PLI scheme: Rs 26,000-crore PLI scheme to steer automotive sector towards electric, hybrid and fuel cell vehicles

PLI scheme: Rs 26,000-crore PLI scheme to steer automotive sector towards electric, hybrid and fuel cell vehicles

The government on Wednesday approved the Rs 25,938-crore production linked incentive (PLI) scheme for the automobile and auto ancillary sectors to promote domestic manufacturing of green vehicles and enable India to become a part of the global supply chain.

Petrol and diesel vehicles have not been included in this scheme. The focus is instead to promote the transition to clean automotive technologies such as electric and hydrogen fuel cell vehicles, which are expected to gain volumes in the coming years.

The scheme is expected to generate investments of over Rs 42,500 crore in five years and incremental production of over Rs 2.3 lakh crore, as per government estimates. Additional employment for over 750,000 people will be generated.

“The auto component sector exports today are worth $15 billion while imports are of $17 billion. This scheme will help in the direction to reduce this $17 billion component import,” Anurag Thakur, Minister of Information and Broadcasting said Wednesday. The Indian automotive industry accounts for just 2% of the global industry and that also needs to be higher, he said.

Both existing players and new investors will be eligible to get benefits under the scheme. The benefits will be commensurate with the revenues of the eligible companies and paid over a period of five years.

“The beneficiaries in the PLI scheme for auto sector are likely to be 10 vehicle manufacturers, 50 auto-component manufactures and 5 new non-automotive investors planning to enter into the automotive sector,” said Saurabh Agarwal, Tax Partner, Automotive sector, EY India.

The outlay for the scheme has been halved from the earlier plan of Rs 57,043 crore. The limited budget will likely result in tough competition in the industry with respect to who will be awarded the PLI scheme, Agarwal said.

Existing automotive players will have to make new investments of Rs 2,000 crore over the next five years to qualify for the scheme. This number has been lowered for two- and three-wheeler makers to Rs 1,000 crore. A new player will also have to invest at least Rs 2,000 crore.

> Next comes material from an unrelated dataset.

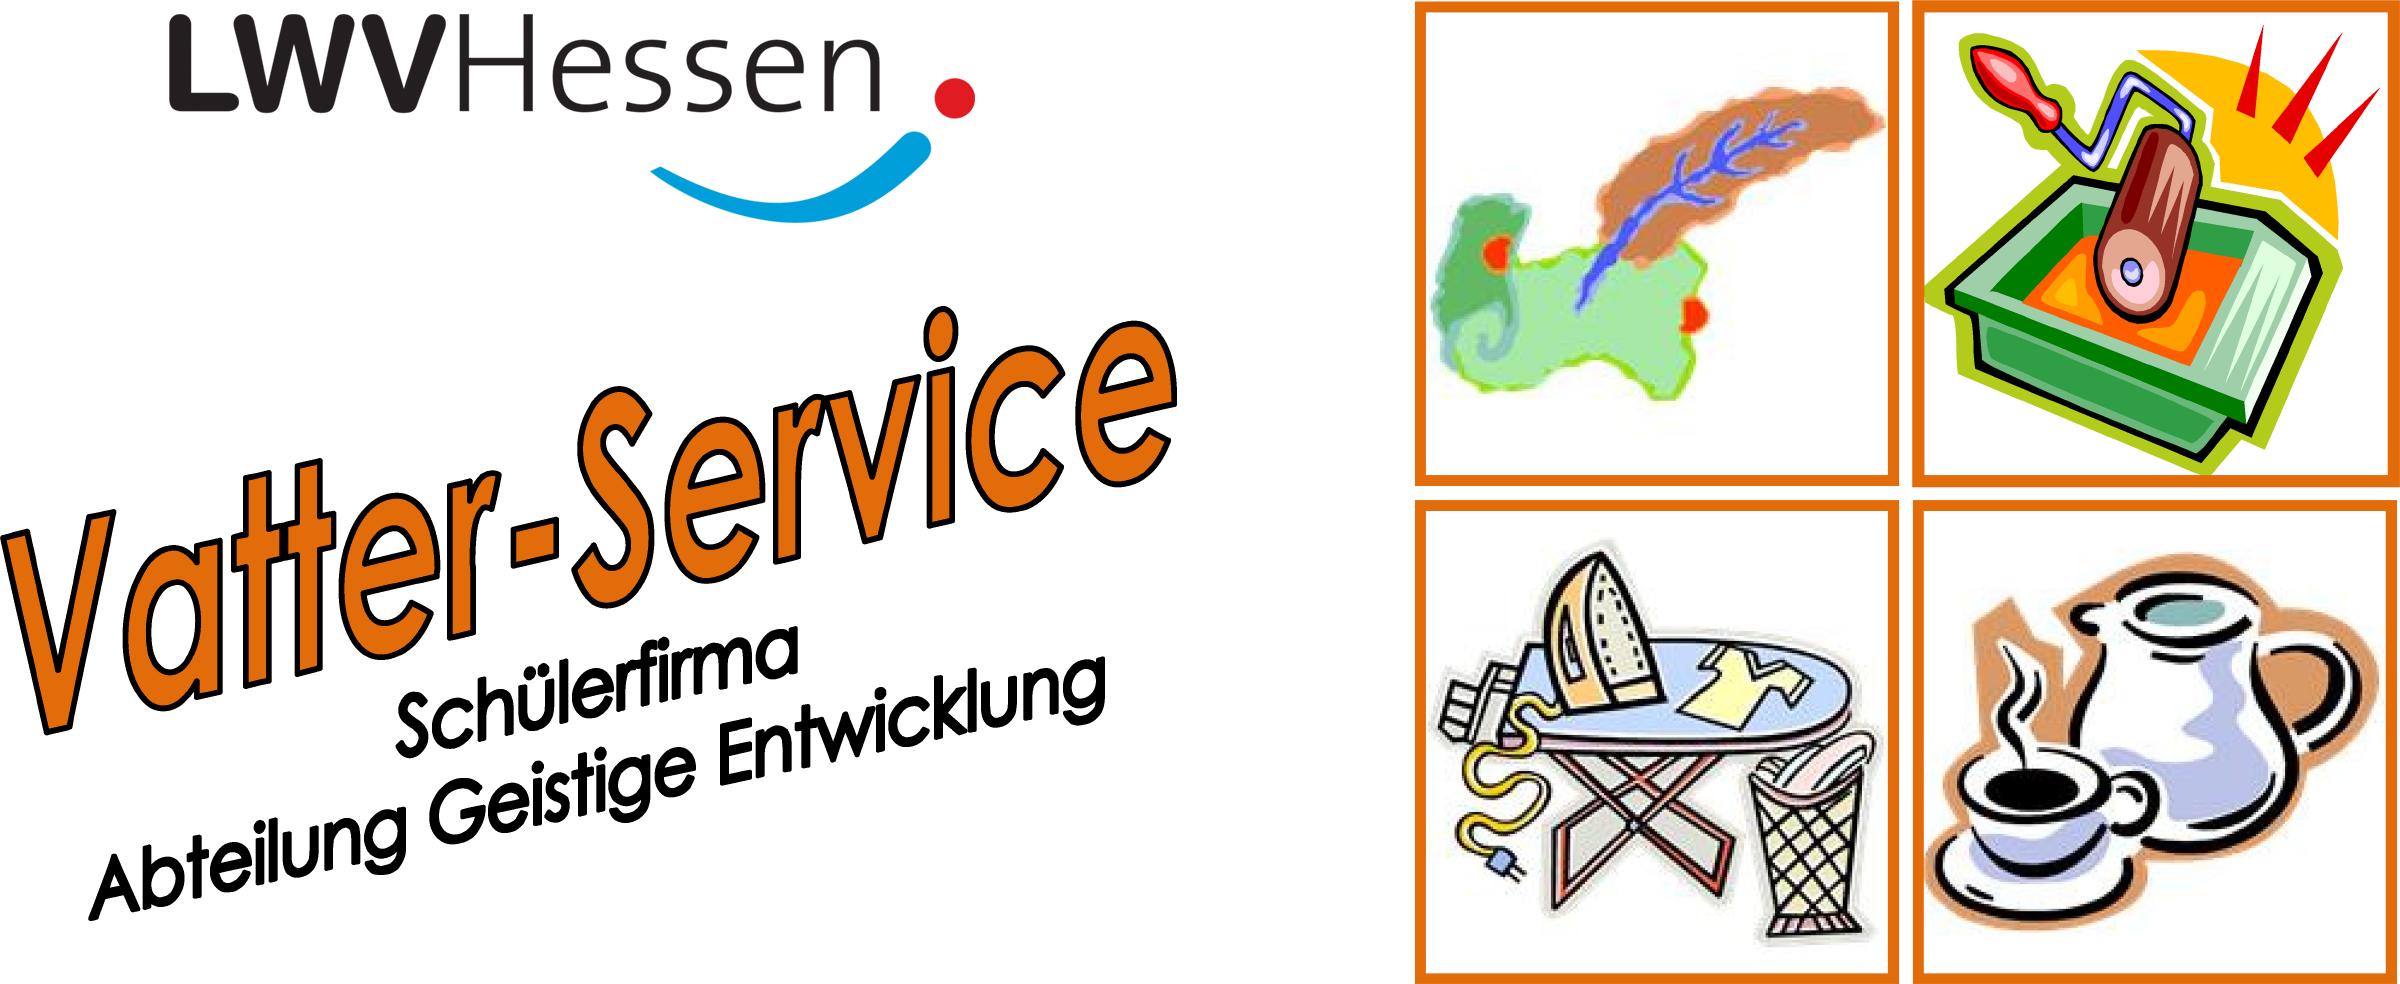 Logo des Vatter-Service

On the auto components side, new players will have to invest Rs 500 crore while existing players will have to invest a minimum of Rs 250 crores over the next five years to be a part of the scheme.

“Thrust on incentivising new age technologies will facilitate creation of a state-of-the-art automotive value chain in the country and give a much-needed impetus to manufacturing of cutting edge automotive products in India,” said Sunjay Kapur, president of Automotive Component Manufacturers Association of India.

With global economies looking to de-risk their supply chains, the PLI scheme will help make India an attractive alternative source of high-end auto components, he said.

The PLI Scheme for automotive sector will complement the existing PLI scheme for Advanced Chemistry Cell and Faster Adaption of Manufacturing of Electric Vehicles phase-2 (FAME-2) scheme to give a boost to the manufacture of electric vehicles in India, Thakur said. These two existing schemes have budgets of Rs 18,100 crore and Rs 10,000 crore, respectively.

The government believes that extending incentives only for green technologies will spur automobile companies to focus urgently on introducing electric vehicles and more sustainable technologies to the market.

This scheme is part of the overall production linked incentives announced in the budget earlier this year with a financial outlay of Rs 1.97 lakh crore for enhancing manufacturing capabilities and exports in 13 identified sectors.